While I agree they should have checked the tire pressure, I'd go spend the money for a 12v car air pump (and a bag with handles to loop over the hook in the trunk) and a digital tire pressure gauge and use them. Nitrogen is a waste of time and money for a passenger car. You never know when you will develop a slow leak and need to inflate a tire at home.


----------



## Mordsith_T (Oct 5, 2013)

If they don't resolve it I will let you know. But George seems to be able to handle it.


----------



## Vetterin (Mar 27, 2011)

Asking them to "check the pressure" or "fill all tires to 32-33 psi" could bring different results.


----------



## Mordsith_T (Oct 5, 2013)

The air pump is on the wish list since the stations in around town are so often out of order. I have a digital gauge. Guess I am old school though. I still prefer good old standard ones, I don't worry about the battery dying on me. I have heard the digital are more accurate though.


----------



## obermd (Mar 3, 2012)

Vetterin said:


> Asking them to "check the pressure" or "fill all tires to 32-33 psi" could bring different results.


Good point. Never assume that asking to check something is the same as asking for a specific outcome.


----------



## titanman2789 (Oct 27, 2013)

Vetterin said:


> Asking them to "check the pressure" or "fill all tires to 32-33 psi" could bring different results.


Agreed. If tpms light isn't on then your pressure was fine. Yes, low compared to what the spec says but not bad. You don't have a discount tire anywhere near you? They'll check your tires and air them up to exactly what you want for free. Just pull up to the free air check sign usually in front of the first garage door. At least the Cruze gets good fuel mileage for your 17 mile trip to the dealer for air :what:

Sent from AutoGuide.com Free App


----------



## vwgtiglx (Jun 13, 2013)

titanman2789 said:


> Agreed.
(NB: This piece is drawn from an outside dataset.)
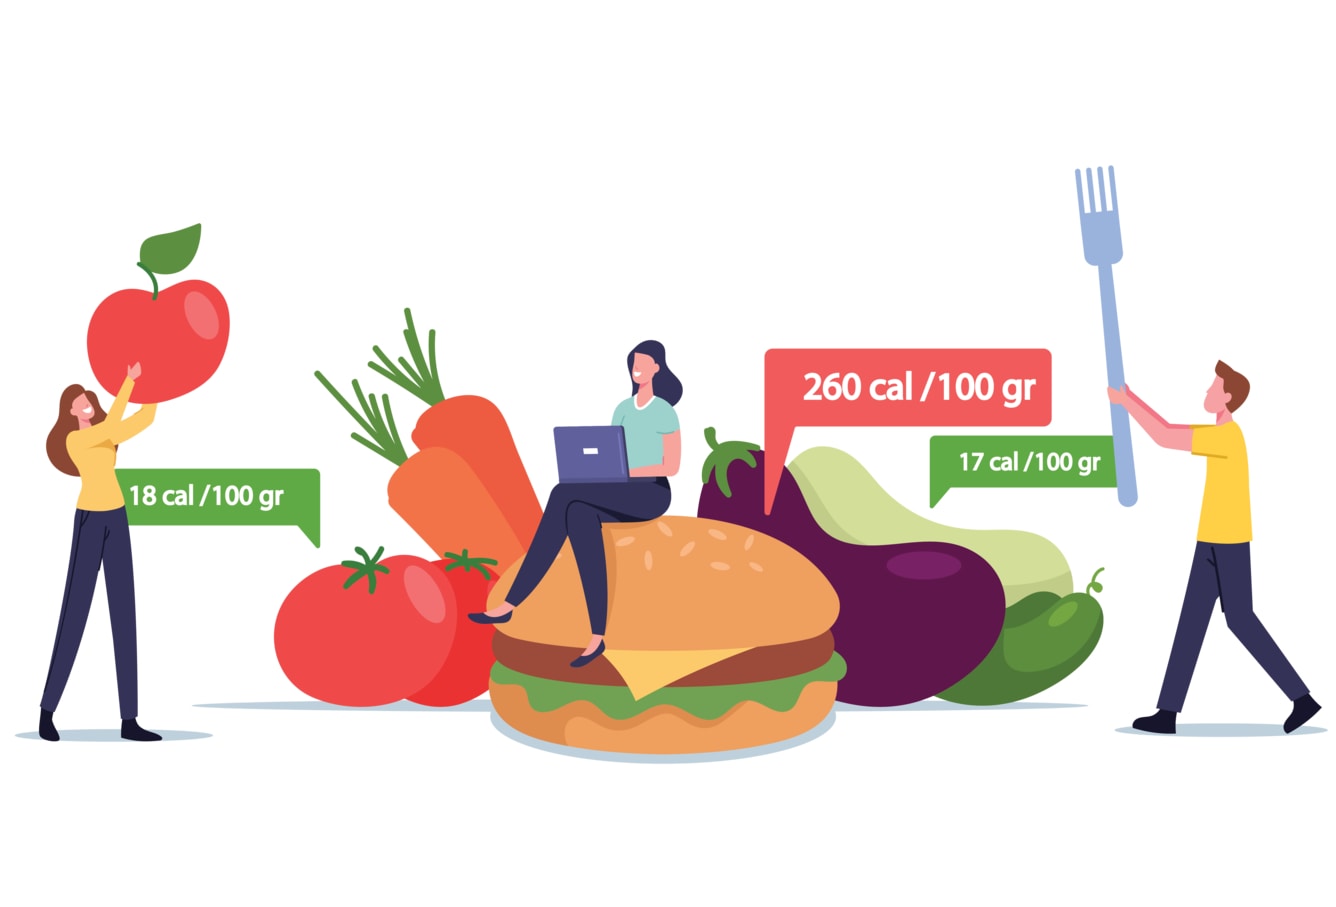 Illustration of different foods and its calories: tomato, carrots, burger, aubergine, cucumber.

If tpms light isn't on then your pressure was fine. Yes, low compared to what the spec says but not bad. You don't have a discount tire anywhere near you? They'll check your tires and air them up to exactly what you want for free. Just pull up to the free air check sign usually in front of the first garage door. At least the Cruze gets good fuel mileage for your 17 mile trip to the dealer for air :what:
> 
> Sent from AutoGuide.com Free App


Not to knock Discount Tire because I buy all my tires and get all my tire service from them, but the last two times that I went there for tire installation/rotation, I requested a specific tire pressure fill and did not get that, after checking when I got home.


----------



## Robby (Mar 1, 2013)

Are you saying the specification on the door jamb says 35psi, or does the tire sidewall say 35 psi?
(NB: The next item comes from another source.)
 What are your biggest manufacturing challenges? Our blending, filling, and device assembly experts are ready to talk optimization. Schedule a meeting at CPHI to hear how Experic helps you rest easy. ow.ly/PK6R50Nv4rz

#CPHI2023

I think the doorjamp spec. is 32......if so, they checked......dealers set pressure at doorjamb spec.

Rob


----------



## Mordsith_T (Oct 5, 2013)

Nope, I looked. The door jam says 35. But when tested, they test at 29 with my digital gauge. I dont' trust the tpms anymore than getting an accurate mpg on the DIC. And my Cruze doesn't get that great of gas mileage, which is one of the items I had them check while there for the recall.


----------



## steve333 (Oct 23, 2010)

vwgtiglx said:


> Not to knock Discount Tire because I buy all my tires and get all my tire service from them, but the last two times that I went there for tire installation/rotation, I requested a specific tire pressure fill and did not get that, after checking when I got home.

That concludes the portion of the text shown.